Almost 7 years later, I am happy to acknowledge that I haven’t been asked to make anyone else’s likes and dislikes as my priority! Is it because we spent outside India for the majority of our married life or because my in-laws are not the demanding people – I think both of these are the reasons. I knew my husband very well before our marriage, so does he. We were aware of our flaws and faults very well. We knew each other’s values and strengths too. We had major fights before our marriage. But we wanted to get married to each other because we loved each other.
So when the advises found its way to my ears, I was kind of surprised. Surprised because, none of them knew the person I was going to live with better than me. Regardless, they pitched in. Because there are a set rules to be followed in a marriage and the most prominent one of all is the bride accepting that the new life is going to be the incredible one with price of her likes, dislikes, dreams, desires, etc. That’s what I understood. Because some of the statements were screaming that out, very gently, I might add.
Of course, the night before my wedding I wasn’t going to bother myself with all those new life tantrums. I was hopeful about the new life we were going to build together. Because I knew, that it is going to be new for him too. I was aware that he was also going to make adjustments to fit me in his life and the same was expected from me too. I wonder now, why they failed to tell me about that. Is it because society sees and wants only girl to make adjustments? I am happy to underline that my expectations were right, he too did a lot of adjustments on his side to accommodate me. And it should be like that.
Then I realized, though everyone was generous in dropping their knowledge about the married life on to me, no one educated me on how to handle the bad situations, how to understand when I was exploited in any way, how to let them know if any such case happens, moreover they didn’t ask me if I was happy and they don’t ask me if I am happy now. And I am proud to say that there is only one person who cares about my happiness, my husband, the person I loved and got married to, who I fight with and scream at, who knows the ups and downs I go through. And I must say it is mutual.

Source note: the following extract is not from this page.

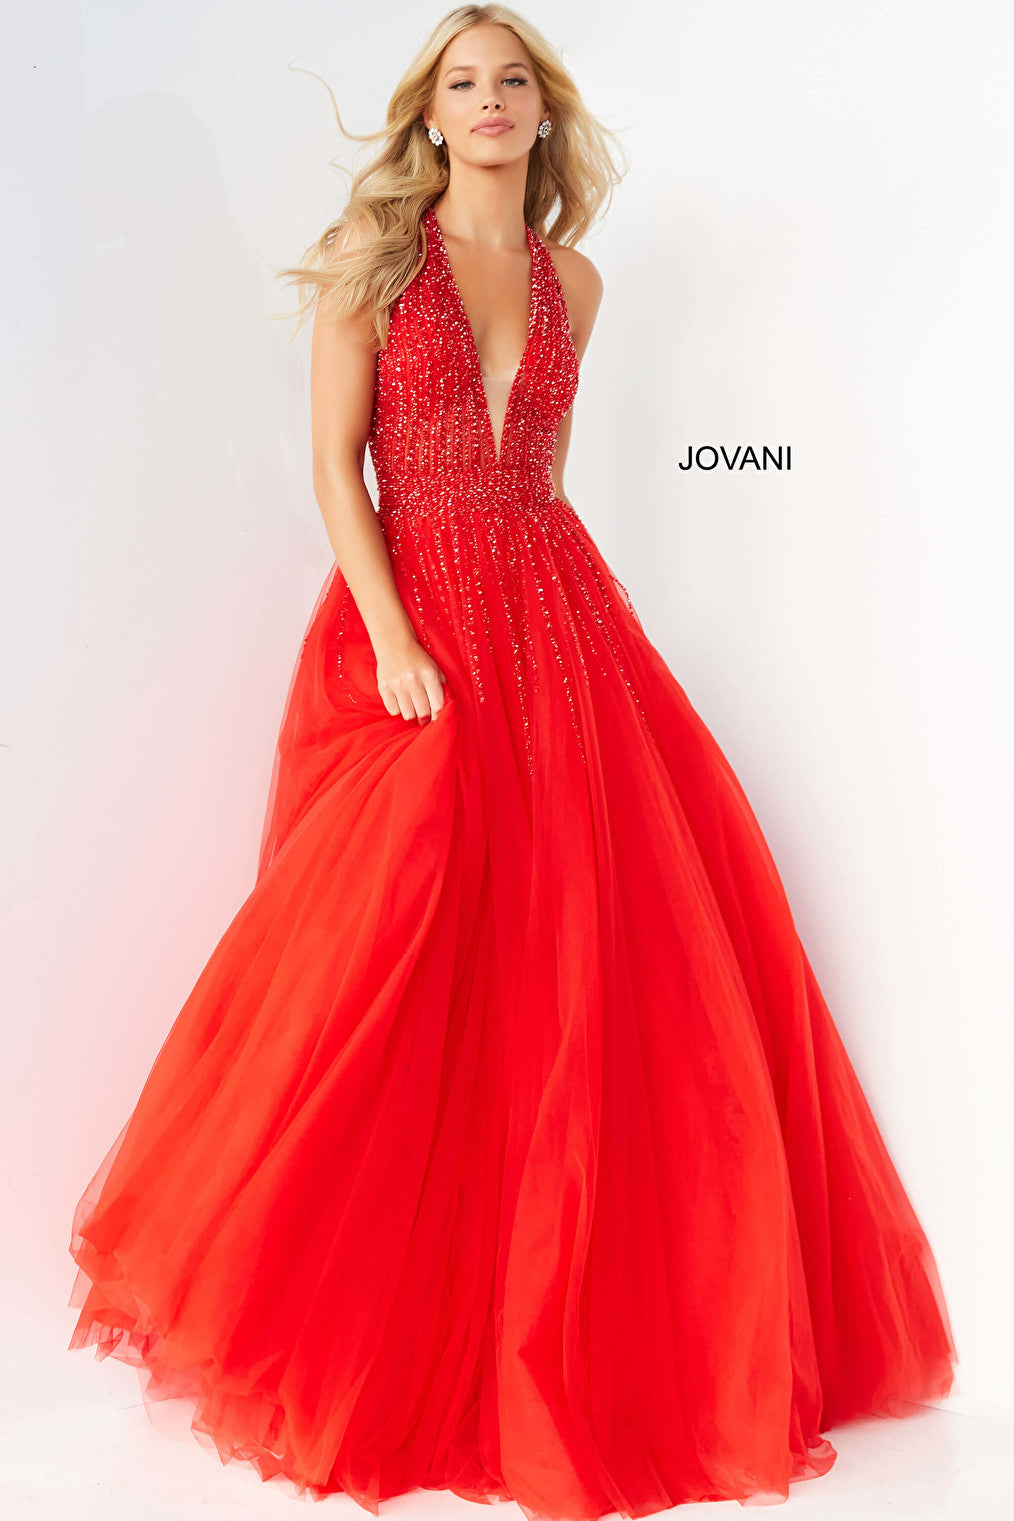 Plunging neck red prom ballgown 06598

There are a lot of misconceptions going on about married life. Yes, it is true that girls have to make adjustments to make it work but so does boys. If men are not doing it probably because they are not expected to do so or they are taught not to adjust. Is it society’s mistake then?
If you don’t educate your daughters well about the situation then how can you cry when things go all wrong? On what basis can women complain about the injustice and inequalities suffered from the in-laws if they are expected to sacrifice and adjust by their own parents? How are men at fault when they are not made aware that they too have adjustments to make in the new life? Who is at fault here?